(Closed) take home centerpieces

posted 12 years ago in Etiquette
Post # 3
Member
1297 posts
Bumble bee

I’ve never seen anyone take home a wedding centerpiece, but at other parties I’ve been to (engagement, anniversary, etc.) usually there is some game so that one person at the table will win the centerpiece.  Unless something like that happens so it is absolutely clear that people are supposed to take the centerpieces, then I think it’s rude to take them, especially wedding centerpieces since they’re so expensive or rented.

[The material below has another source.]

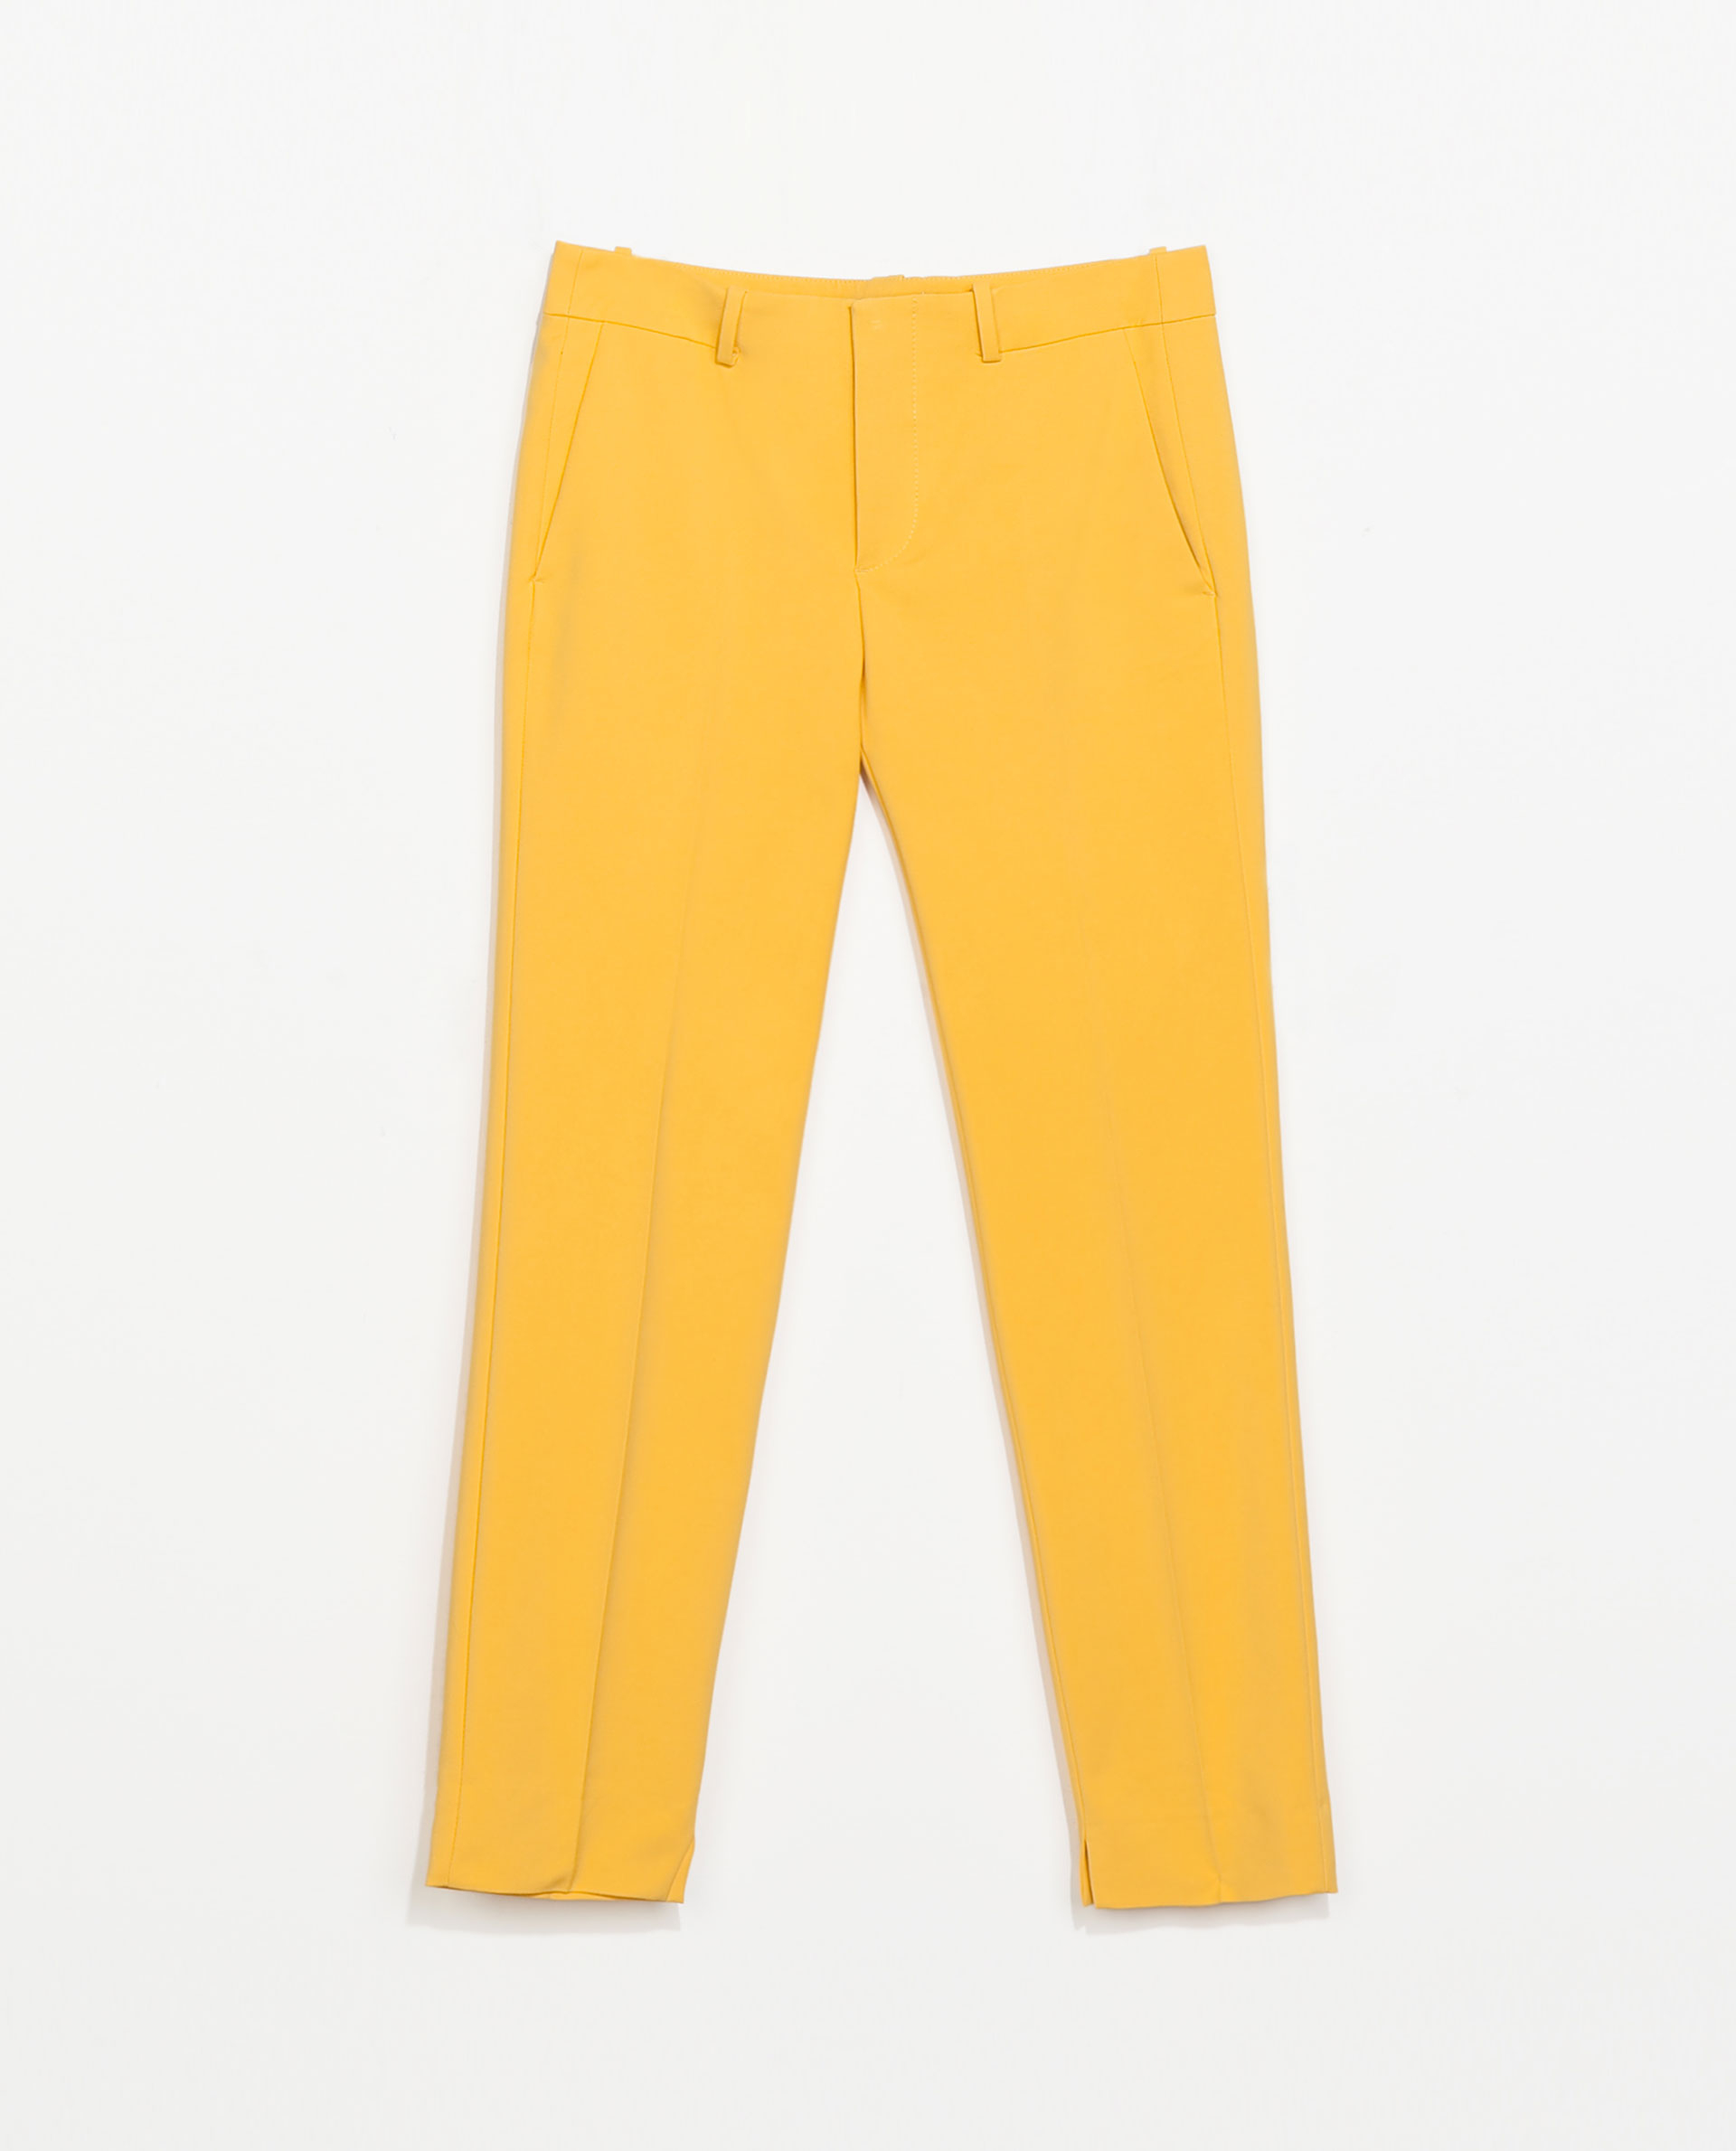 zara-yellow-cotton-trousers-product-1-18106500-5-047632052-normal.jpeg

I’m not really sure what preventative measures you could take.  Do you have a wedding coordinator or someone in charge that could perhaps guard the exit? Sounds silly, but I can’t think of any other way to prevent people from taking them.  I think any type of sign will seem really out of place at a wedding.

Post # 4
Member
486 posts
Helper bee

Hrm – that’s strange. I would never take unless it were offered … seems weird to me – but I’m not sure what you would do to prevent it, honestly.

Post # 5
Member
5280 posts
Bee Keeper
  • Wedding: November 2010

yeah people always take them, perhaps have a sign or something on the table… or even in the program saying please don’t remove the centerpieces (but that seems so tacky to me to even say it)… but hey you gotta do what you gotta do

Post # 6
Member
1315 posts
Bumble bee
  • Wedding: September 2008

Most weddings I’ve been to, the centerpieces were for guests to take home.  And even still, sometimes people are rude about it- hording them or swiping them off other tables.

At the only wedding where they weren’t for guests, the staff came around and got them before the reception ended.  I wouldn’t recommend that, because the room looked disheveled afterwards and it was kind of strange having them come around and take away the centerpiece while the party was still supposed to be going on.

I might make a little placecard type sign to put on the table saying something like, “centerpieces property of XYZ floral, please do not remove”

Otherwise, perhaps have venue staff be on the lookout for people trying to take them home.

Post # 7
Member
1013 posts
Bumble bee
  • Wedding: July 2010

Pretty much every wedding that I’ve been to, there has been a game dedicated to winning & bringing home the centerpieces.  That being said, we’re not doing that at our wedding, 1st of all b/c our guests are all out-of-towners, so they wouldn’t be able to enjoy any take home centerpieces for much longer than the wedding night.  Also, our florist owns the glass vases that our centerpieces are going to be displayed in.  We did add some wording into our contract with the florist though… in case any of the vases “dissappear” due to guests feeling entitled to walk off with them, then we will pay an additional $8 per vase that is not returned at the end of the night.

Post # 8
Member
3 posts
Wannabee
  • Wedding: April 2010

Usually, if the centerpiece is in an easily transportable container, guests assume that they can be taken home.  Or sometimes a centerpiece is designed so it can be easily removed from its decorative container so that guests may take it home.  Staff at the site can assist guests in taking the pieces so they know it’s permitted.  As a floral designer and planner by trade, I know it’s a standard practice that guests are usually permitted to take the low centerpieces.  Otherwise, the site is left to throw away these beautiful arrangements. Some couples have donated the arrangements to local hospitals or nursing homes and make a sign so guests know that if they leave their arrangement it will be donated. Sometimes, flower arrangements are designed in rental containers which are usually tall pieces so it would make it very difficult for a guest to walk away with it.  If you were one of those guests who was walking away with a low centerpiece and someone stopped you and said you can’t take that, I’d feel a little embarrased so maybe the best thing to do is make a little sign to say the pieces will be “recycled” or something.  But then again, I guess being stopped at the door is better than getting a call the next day asking to get the arrangement back. 

Post # 9
Member
383 posts
Helper bee
  • Wedding: June 2010

yeah i agree how rude.

The topic ‘take home centerpieces’ is closed to new replies.